COLUMN-The generosity of US pension lawmakers is just a starting point to strengthen pension security


(The views expressed here are those of the author, columnist for Reuters.)

By Mark Miller

CHICAGO, April 1 (Reuters) – The United States Congress recently saved the retirements of more than a million workers who risked losing the pensions they had earned and promised.

The American Rescue Act, enacted last month by Democratic President Joe Biden, allocated $ 86 billion in grants to struggling multi-employer pension funds, which would allow them to continue paying full benefits. The law allows the Pension Benefit Guaranty Corporation (PBGC) to provide the grants, which do not need to be repaid.

The generosity of the movement was a surprise. Previously, Democrats had offered a low-interest loan package to help multi-employer funds, while Republicans wanted to increase insurance premiums paid by employers, add new premiums paid by plan members and impose more conservative accounting assumptions.

But the Democratic majority sees it a little differently this year. “They felt that since we’ve bailed out the banks and the airlines over the years, why don’t we do it here? We have the votes, ”said Gene Kalwarski, CEO of Cheiron Inc, an actuarial consulting firm that advises multi-employer plans.

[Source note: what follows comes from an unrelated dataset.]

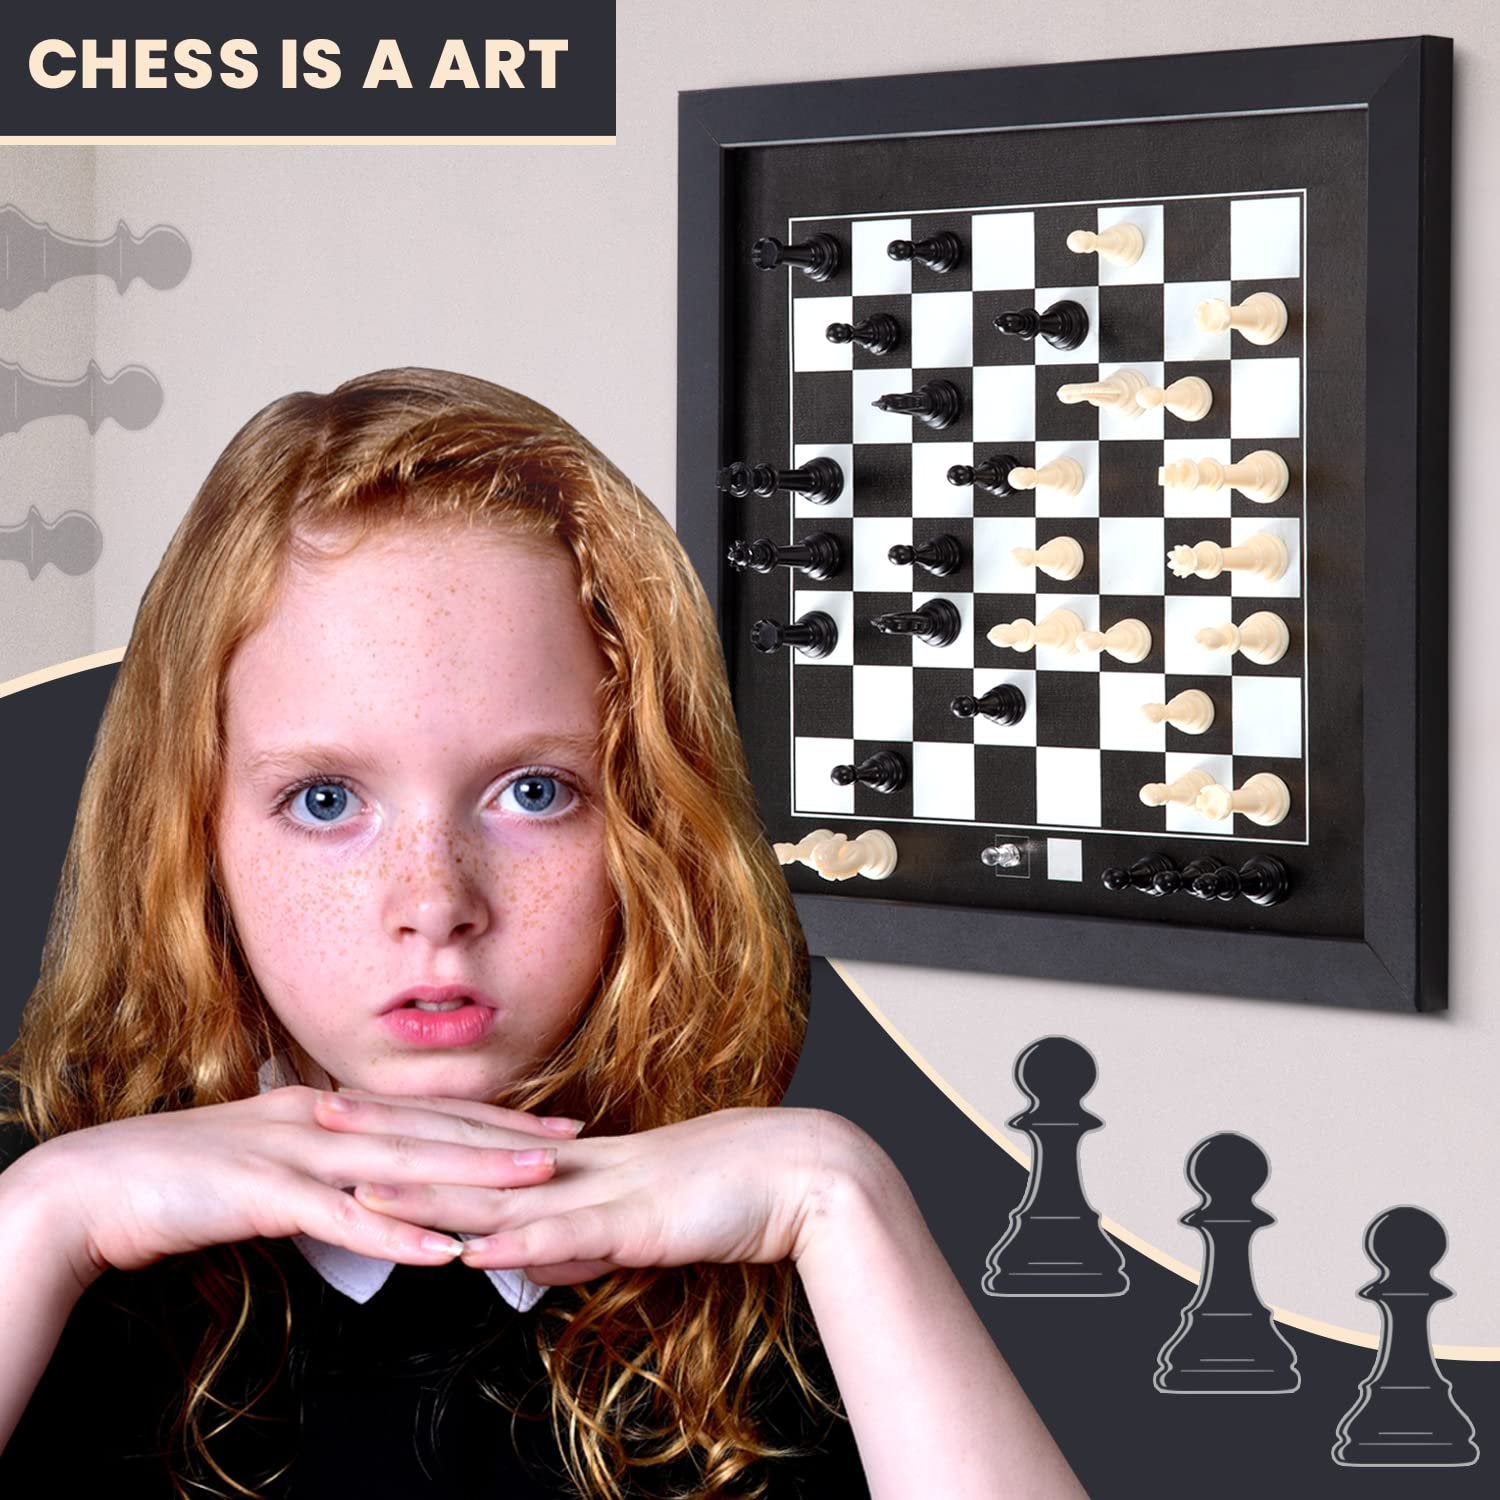 Bundaloo Hanging Magnetic Wall Chess Set - Wooden Board with Black & White Game Pieces - Chessboard Playing Art & Decor for Home and Office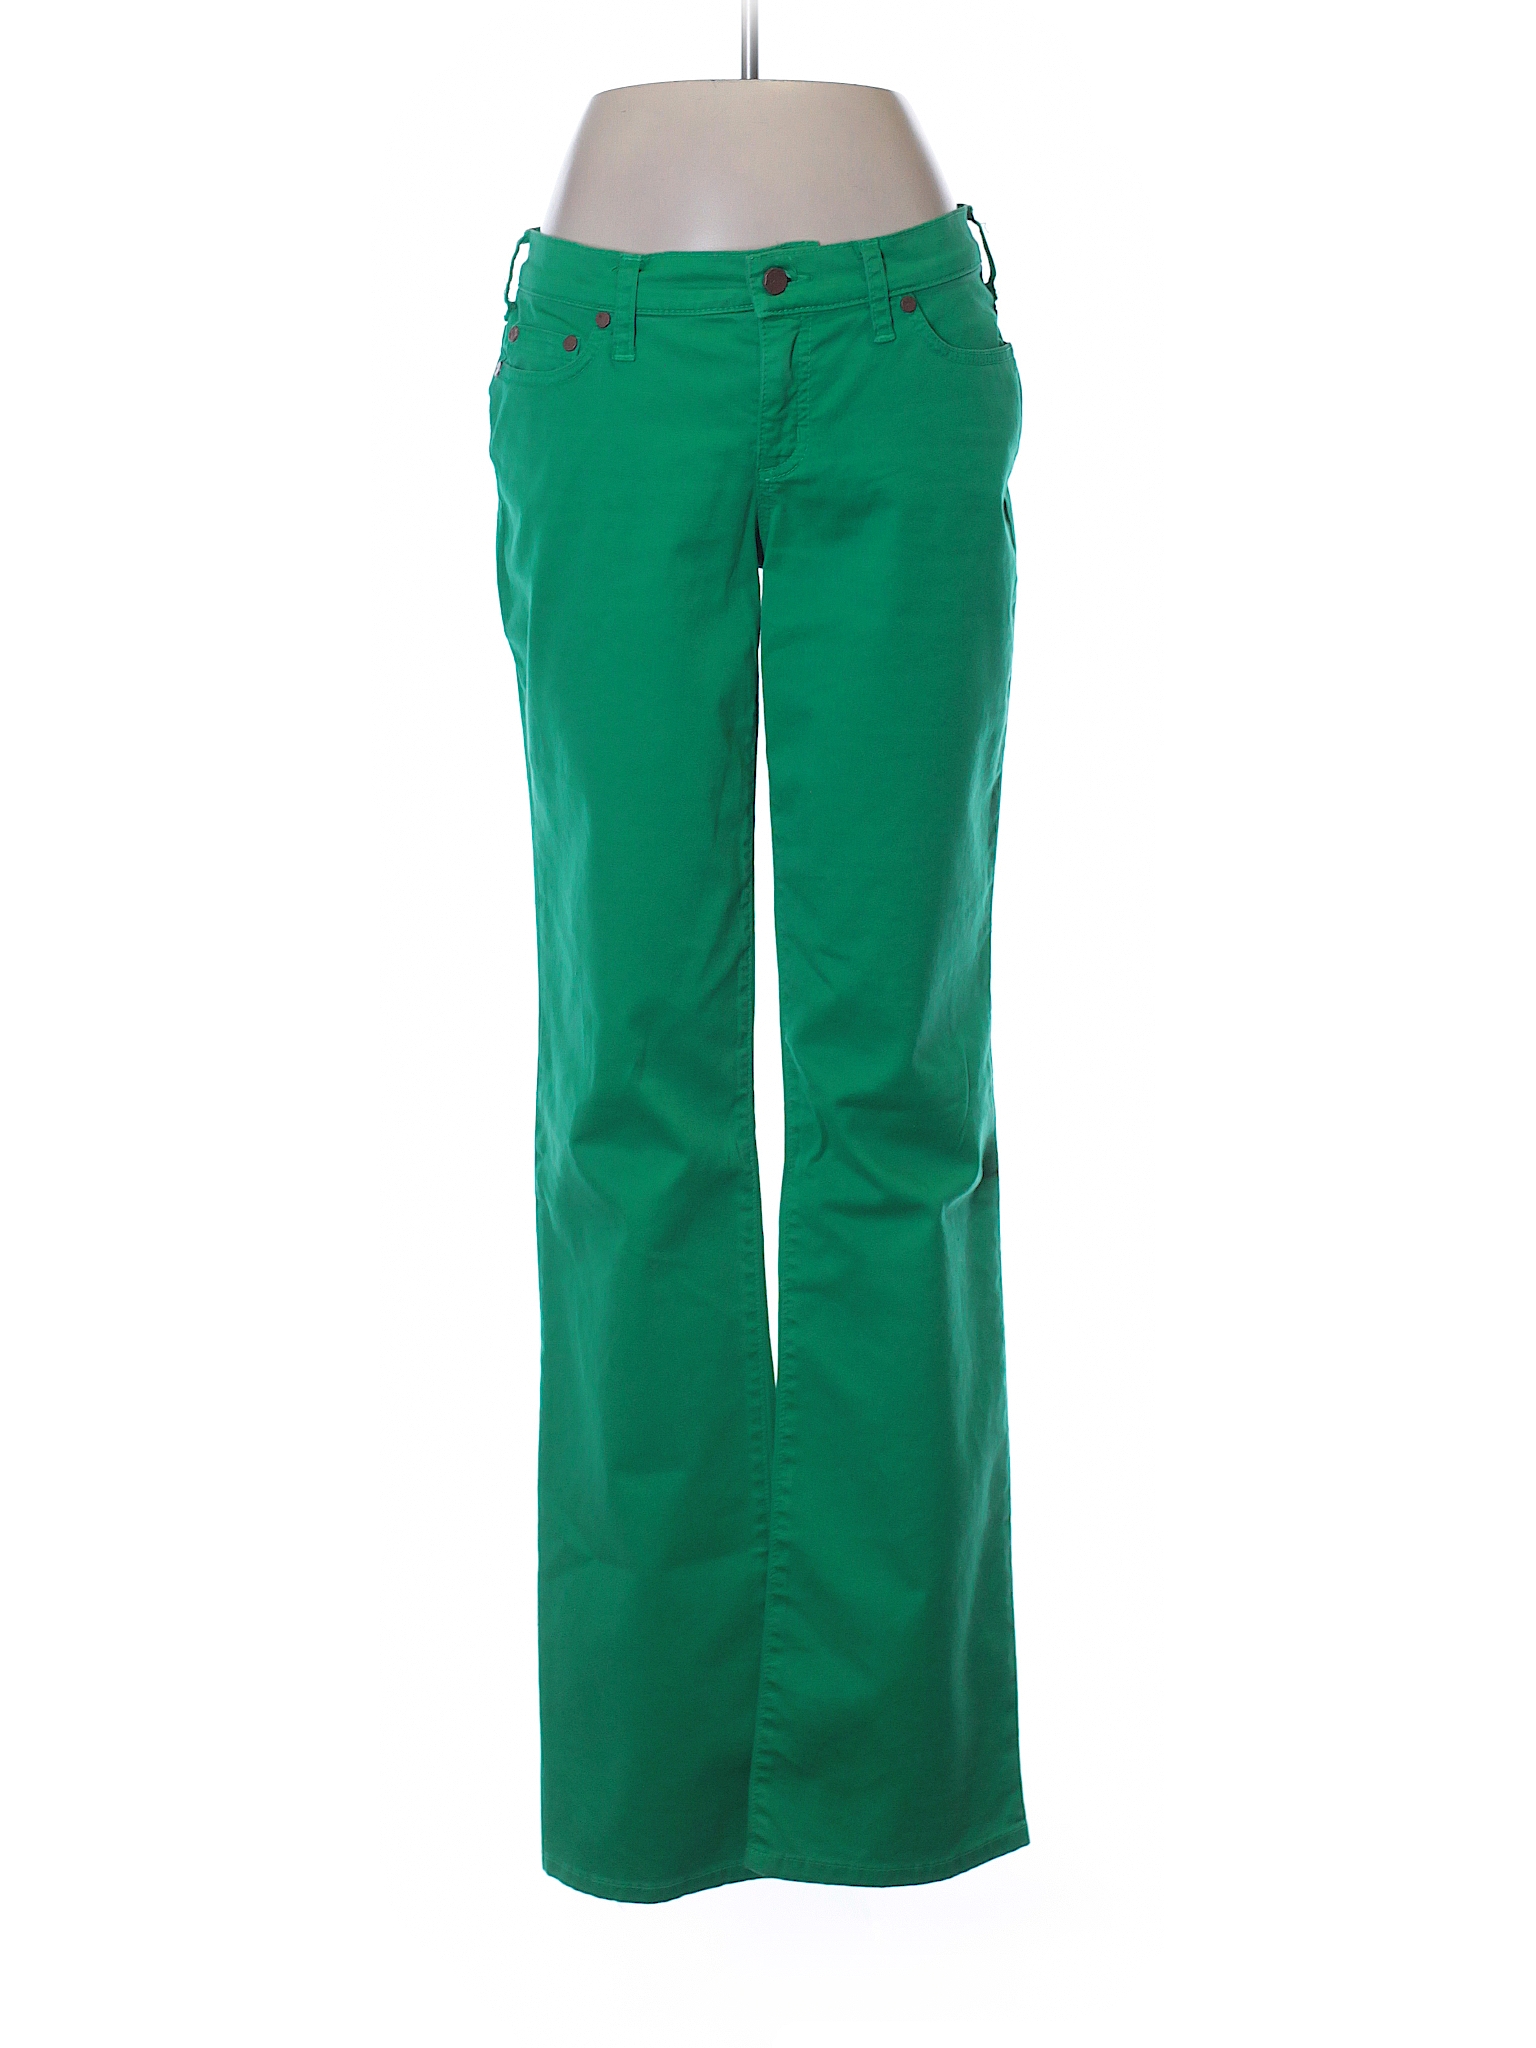 pure color Solid Green Jeans 28 Waist - 66% off | thredUP

The bailout makes sense. Multi-employer plans are created by collective agreement and jointly funded by groups of employers in industries such as construction, trucking, mining and food retailing. Funds declined following the stock market crashes of 2001 and 2008-09, and due to industrial decline which led to consolidation and declining employment. In addition, the financial problems of the pension plans also threatened the health of the PBGC (

But as long as Congress takes a benevolent eye on the well-being of these retirees, I have a short list of other “must-do” retirement items for lawmakers to take. And these are reforms that will impact a much larger – and more demographically diverse – retiree group today and in the years to come than the multi-employer plan solution.


The economic devastation caused by the pandemic makes expanding our only universal retirement income program essential. As a presidential candidate, Biden has proposed a series of moderate expansions that should be enacted. One would provide social security benefit credits to caregivers for time spent out of the workforce – a change that would particularly benefit women, who already face a large gender gap in retirement.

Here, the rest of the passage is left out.